# DIRECTIONS:
Lines from the one with "banner corridor forward" up to and including the one with "UEFA Champions League Winners" are to be copied exactly from the records below, without their pictures.

Top of DATASET ENTRIES

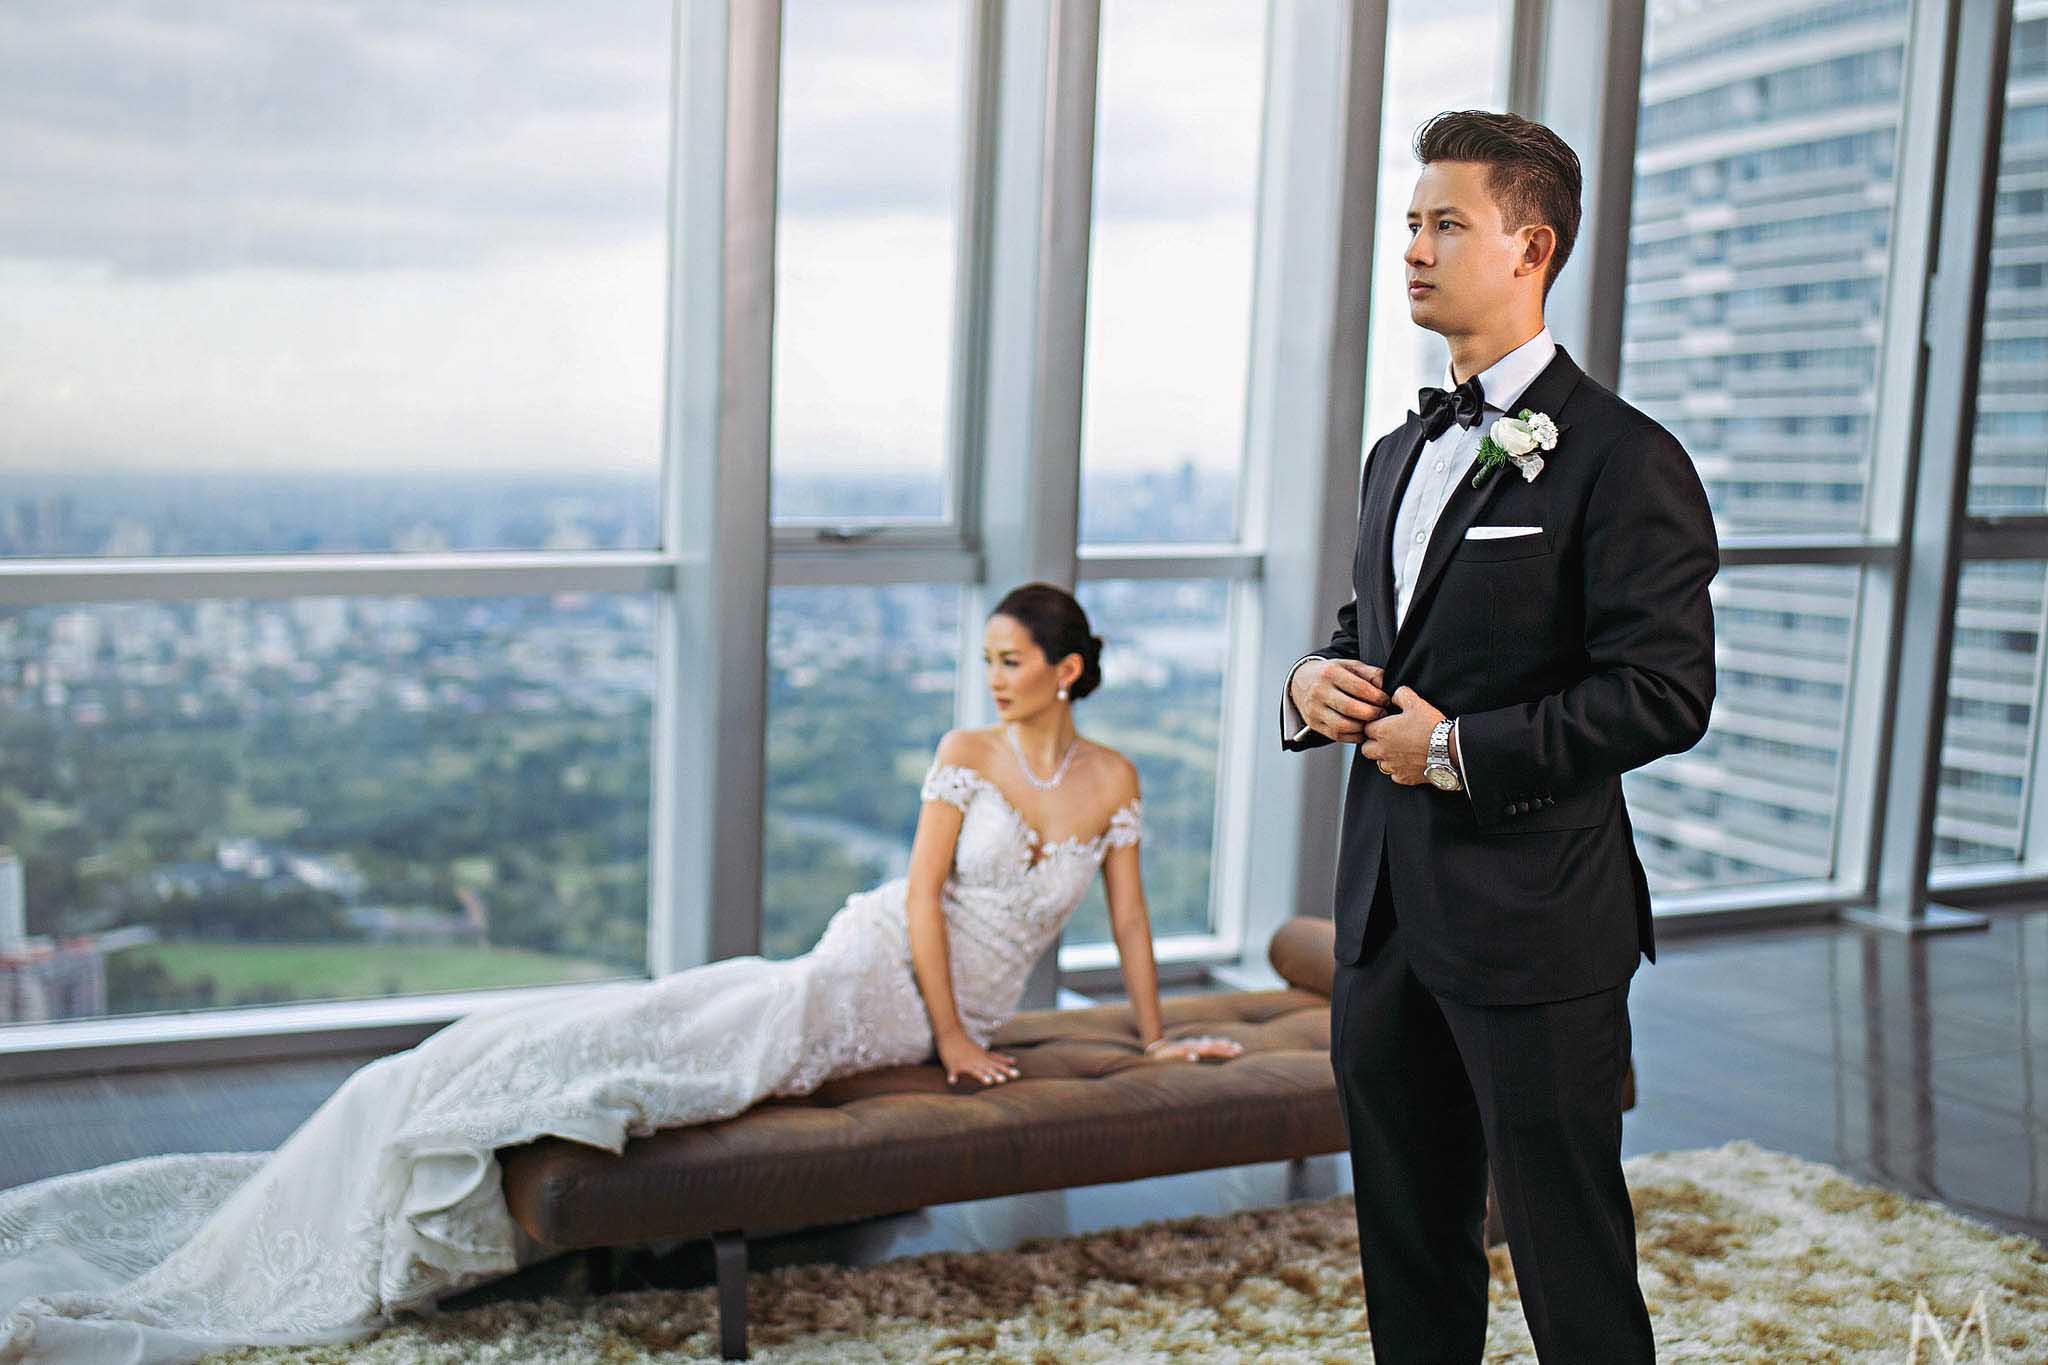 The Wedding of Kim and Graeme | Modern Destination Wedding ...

Bottom of DATASET ENTRIES
Top of DATASET ENTRIES

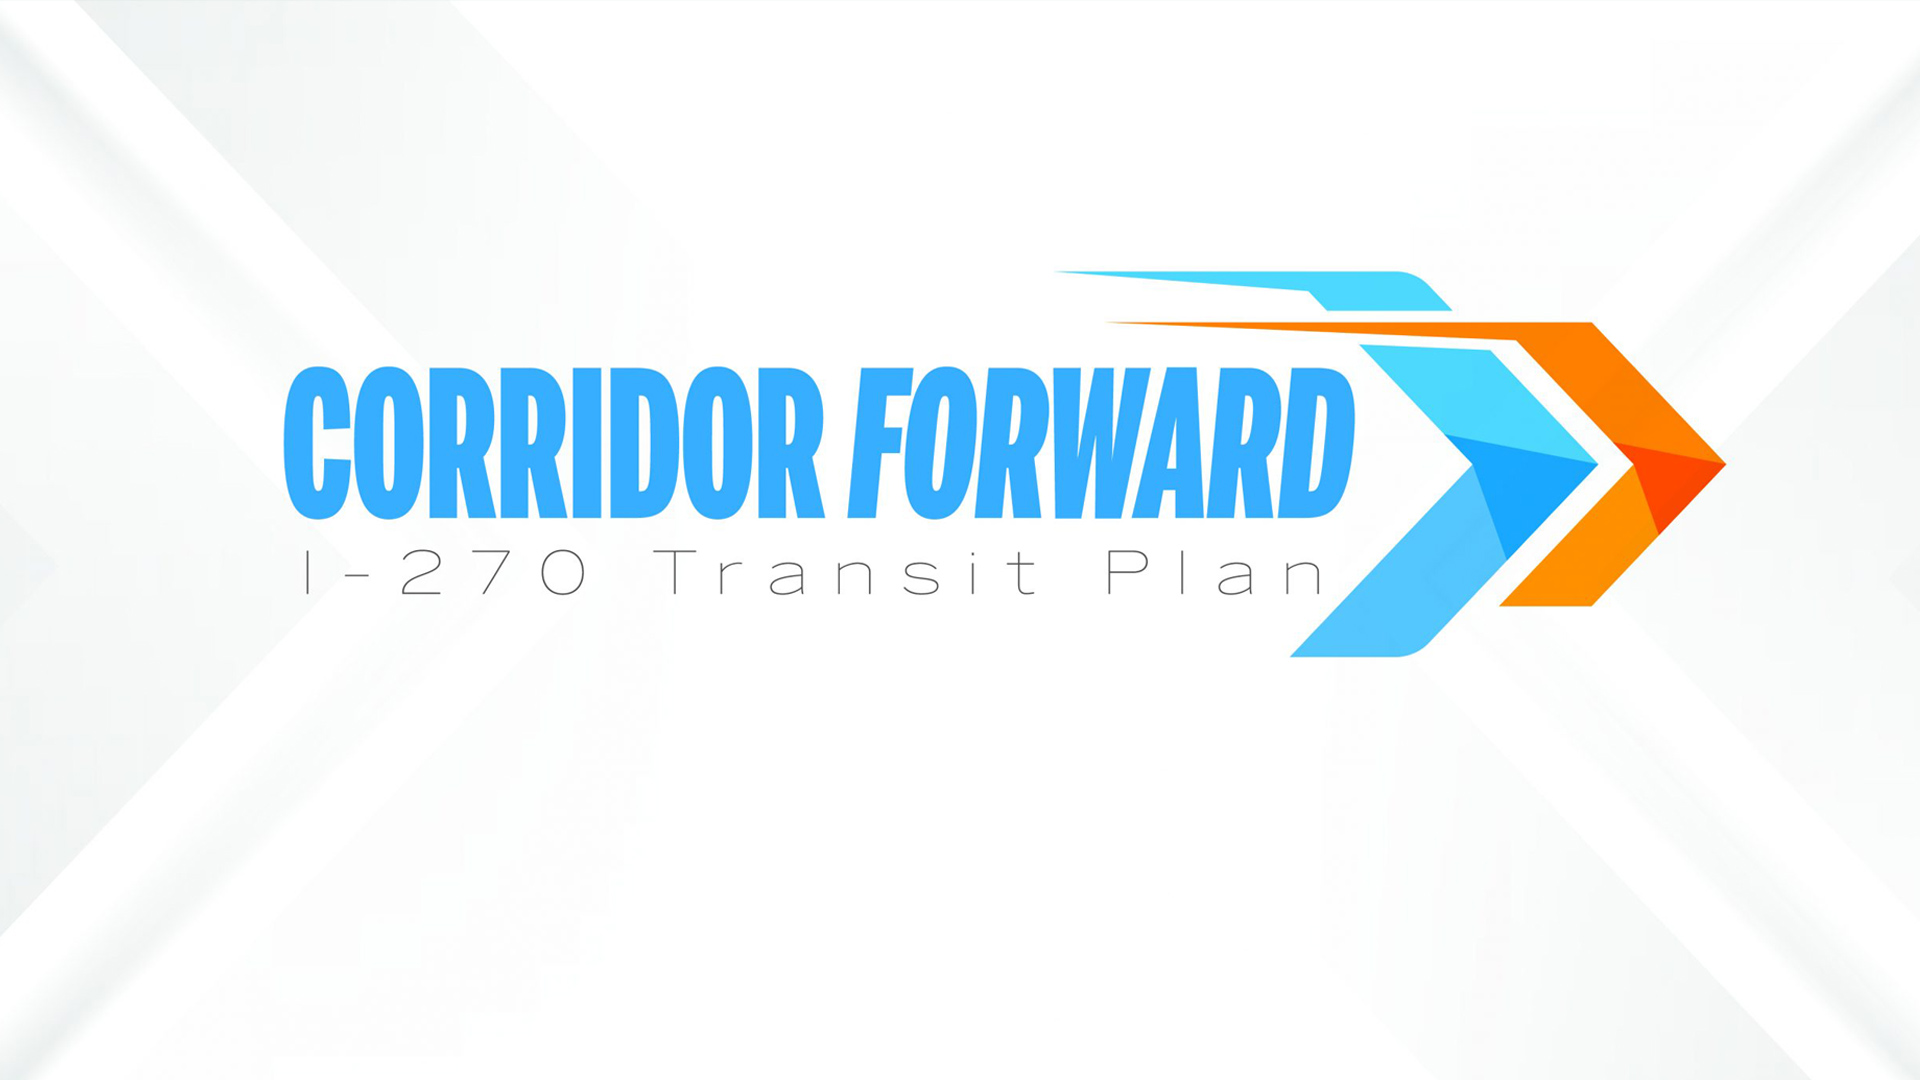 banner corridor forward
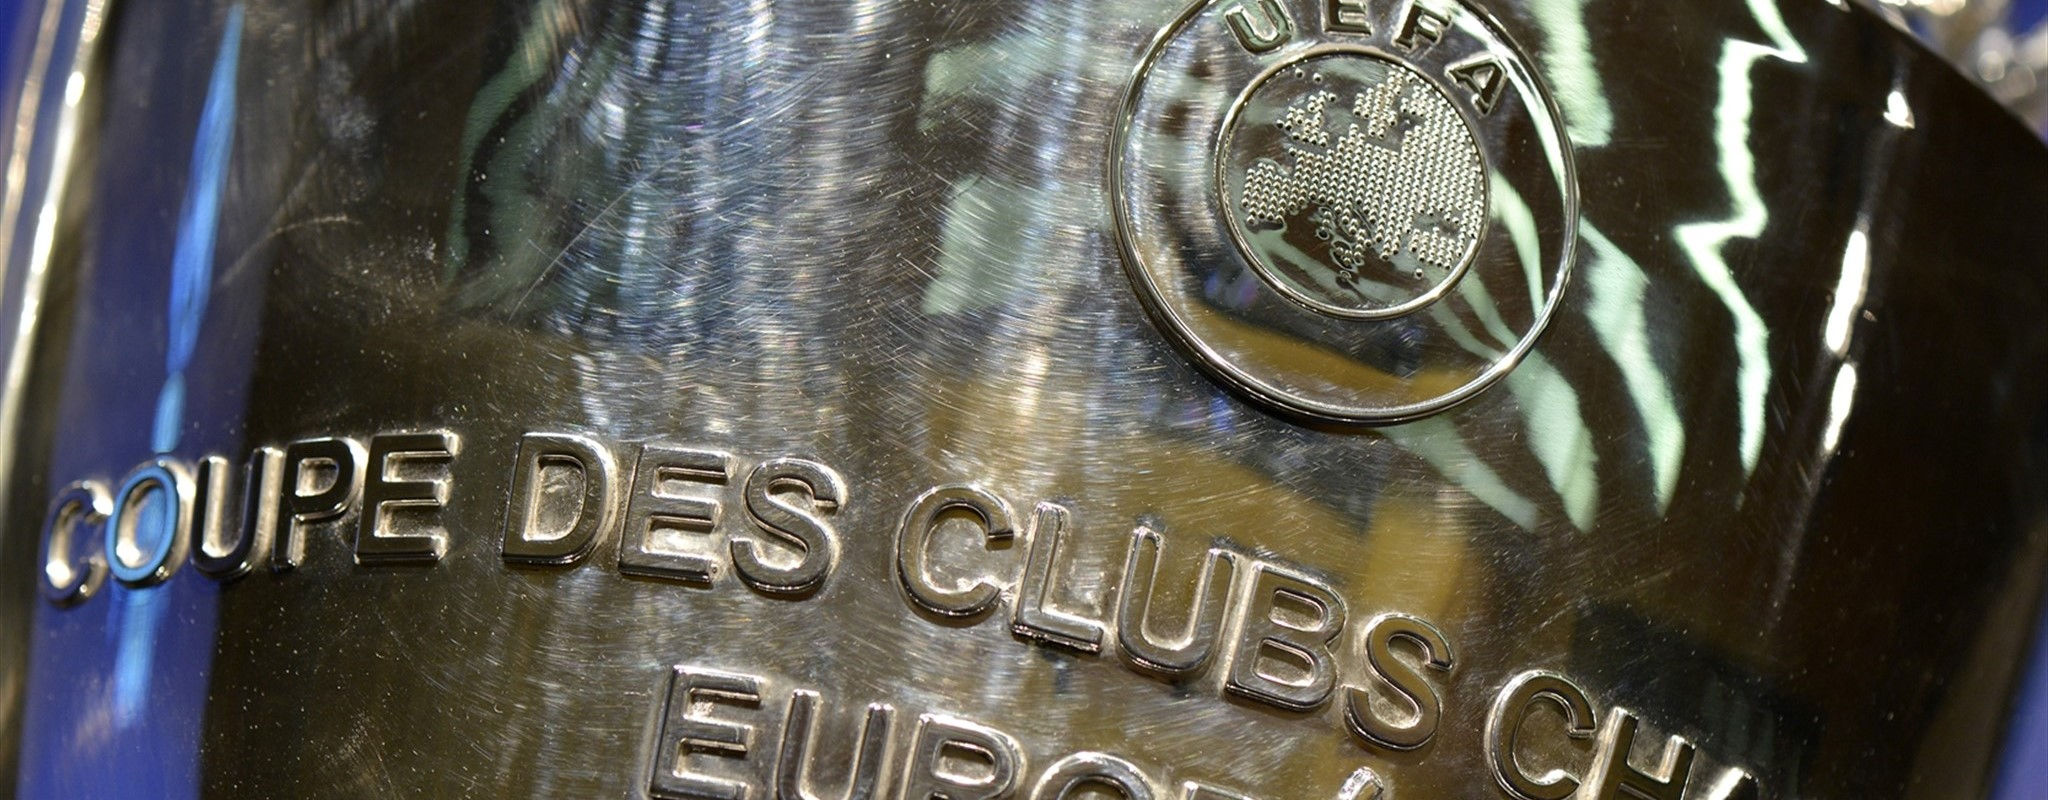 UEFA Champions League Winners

Bottom of DATASET ENTRIES
Top of DATASET ENTRIES

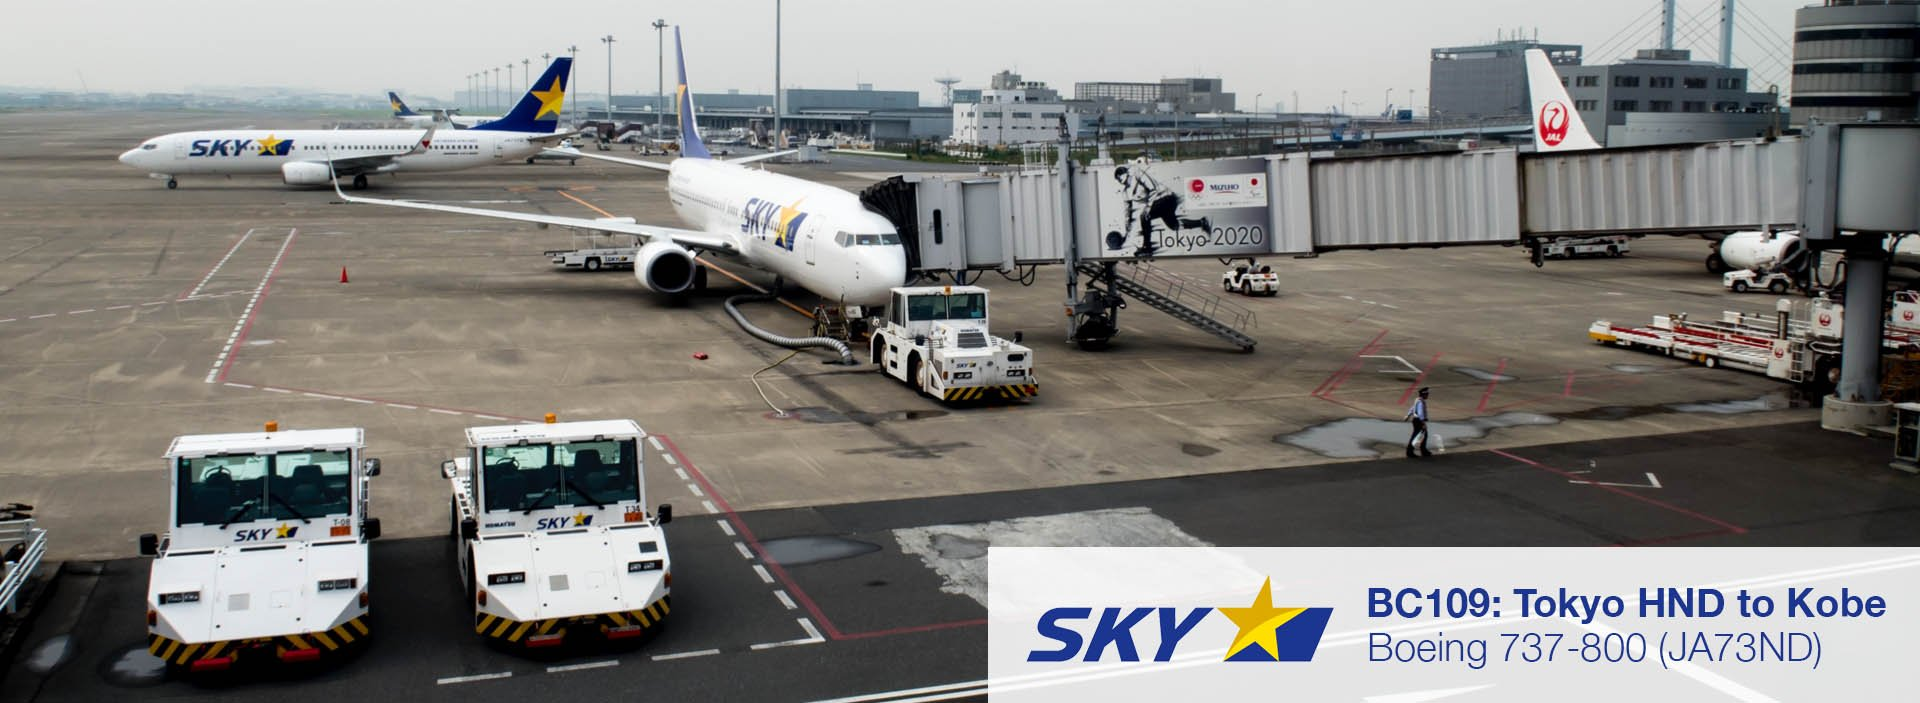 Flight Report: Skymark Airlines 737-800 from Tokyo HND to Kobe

Bottom of DATASET ENTRIES

# RESULT OF THE EXERCISE:
 banner corridor forward
 UEFA Champions League Winners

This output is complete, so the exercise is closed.